Le référendum sur l’Europe, un dérapage en communication européenne de crise ?

En l’espace d’une semaine – entre l’accord du Conseil européen sur la gestion de la crise de la dette dans la zone euro et les péripéties du référendum en Grèce – les affaires européennes ont fait l’actualité comme rarement avec un enchaînement des figures de style en communication européenne de crise…

Accord du Conseil européen : la communication européenne de crise classique pour sortir de la crise

S’appuyant une stratégie de pleine reconnaissance de faits et d’exercice entier des responsabilités, la dramaturgie des Conseils européens consiste à rédiger les scénarios de sortie de crise autour des éléments suivants :

  • concentration des sujets afin de canaliser l’énergie des parties prenantes ;
  • dramatisation des enjeux afin notamment de capter l’attention des médias ;
  • accentuation des accords collectifs dans un communiqué final négocié.

Le sommet des chefs d’Etats et de gouvernements qui se réunit à échéance plus ou moins régulière permet par cette technique de communication de sortir des crises liées aux tensions portées sur un ou des Etats-membres et/ou sur une ou des politiques publiques européenne au point qu’il fait dorénavant partie de la vulgate que « l’Europe progresse dans les crises ».

Annonce d’un référendum sur l’Europe : le dérapage d’une communication européenne de crise en situation d’échec

À rebours, partant d’une posture de refus de reconnaissance des faits et de défausse de l’exercice des responsabilités incombant au pouvoir exécutif, l’annonce d’une référendum sur l’Europe – comme l’a proposé le Premier ministre grec – ouvre une période de dérapage dans la communication européenne de crise.

La stratégie du référendum dans le cadre d’une communication de crise à l’échelle européenne est un acte d’instrumentalisation de la crise plutôt que de bonne gestion, notamment en raison de :

  • approche « samouraï » du « ça passe ou ça casse » qui ne correspond pas à la complexité multi-acteur et multi-niveau ;
  • démarche de démocratie directe qui renvoie le peuple à une fausse alternative « la peste ou le choléra » proprement démagogique ;
  • tactique « arche de Noë » de « tout mettre dans la balance » qui ne permet pas de sérier les problèmes et les solutions à trouver ;
  • stratégie machiavélique de prise d’otage à la fois des autres peuples européens et sur la scène nationale puisque l’idée est de faire porter la décision sur le dos de l’opposition parlementaire.
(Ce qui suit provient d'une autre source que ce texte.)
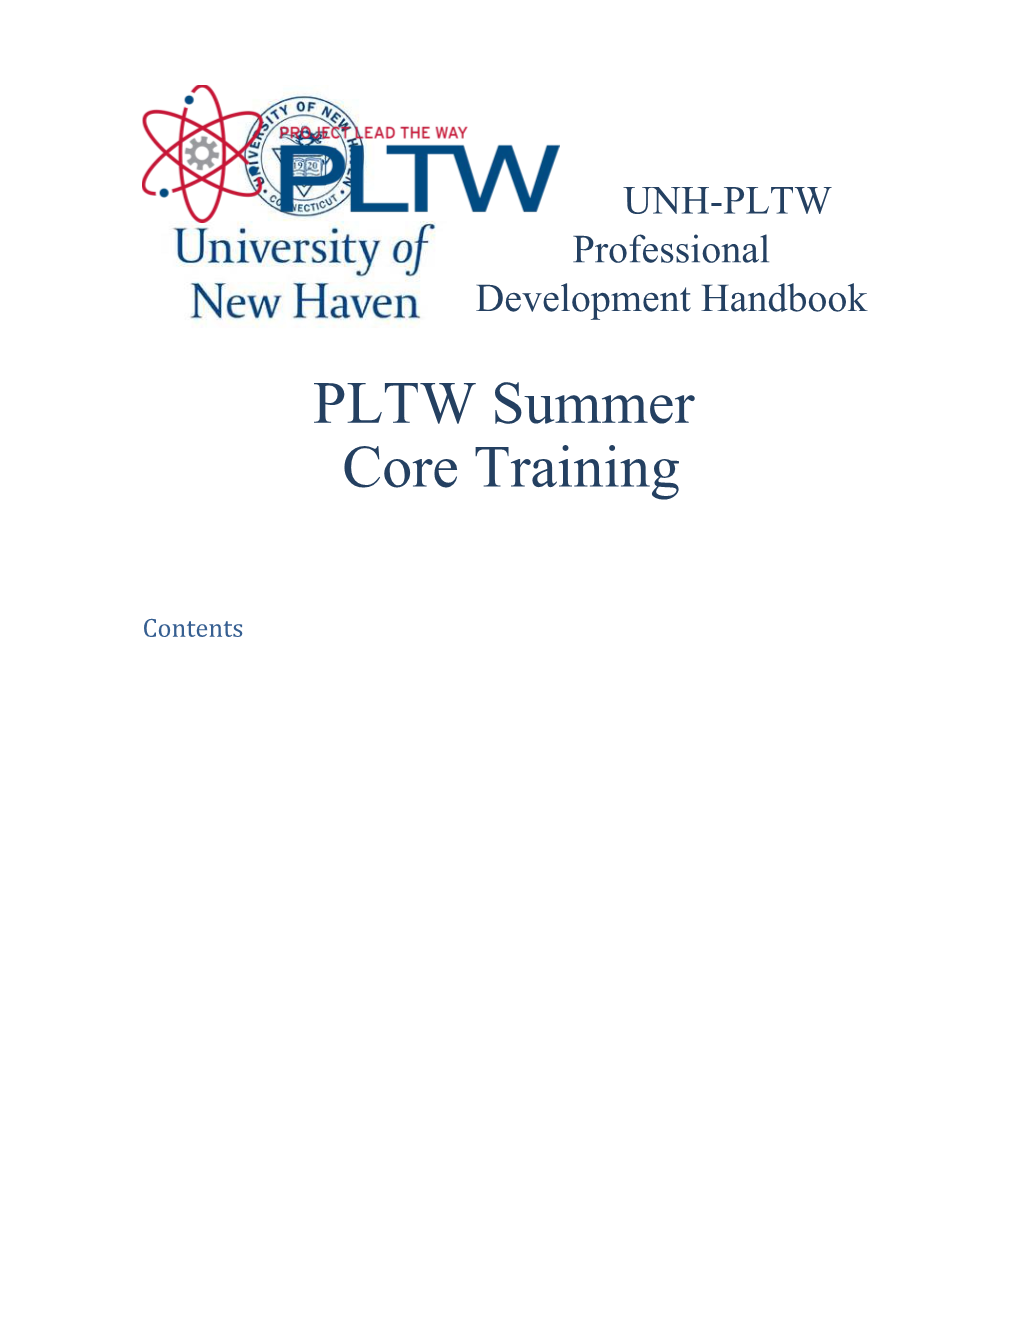 UNH-PLTW Professional Development Handbook

L’annonce d’un référendum sur l’Europe en période de crise s’analyse comme le scénario du pire, un symptôme de la communication de l’une des parties prenantes, incapable de prendre une décision :

  • frénésie du référendum : il s’agit d’une décision précipitée, qui déstabilisent le système et se trouve plutôt inadaptée pour résorber durablement la crise ;
  • tétanie du référendum : il s’agit d’une décision qui consiste justement à ne pas prendre de décision alors que l’impérieuse nécessité des faits impose une décision ferme et rapide ;
  • catatonie du référendum : inertie et négation du monde extérieur contraire au principe de réalité…

La stratégie du « projet latéral » ou comment réussir un projet de changement quand les forces politiques et sociales doutent ou s’y opposent ?

Cette solution répondant à cette interrogation sont justement développées par Olivier d’Herbemont & Bruno César dans « La stratégie du projet latéral » :

Pour réussir un projet difficile, il faut que les alliés soient plus organisés que leurs opposants. La clé principale réside dans la stratégie du projet latéral qui évite de heurter de front les oppositions en proposant une action décalée dans pour autant changer d’axe stratégique.

Comment un tel projet latéral pourrait être envisagé dans une stratégie de communication de sortie de crise pour la Grèce aujourd’hui ?

Parmi les nombreuses propositions – résumées dans une fiche de lecture du CNAM – plusieurs actions sont particulièrement éclairantes, au-delà de l’intervention d’un tiers pour identifier les synergies et les oppositions, de la dynamisation avec de nouvelles méthodes de travail ou de la redéfinition du périmètre de la négociation :

  • oser la rupture : annoncer les choses qu’il faut changer: qui pourrait porter ce discours de vérité ?
  • passer de la sanction au bénéfice mérité : mettre en valeur les bénéfices attendus plutôt que les sanctions en cas de refus ou d’échec.

Ainsi, l’épisode de l’annonce d’un référendum sur l’Europe dans le cadre d’une communication européenne de crise semble correspondre à un dérapage qu’une stratégie de « projet latéral » qui reste à définir pourrait remplacer.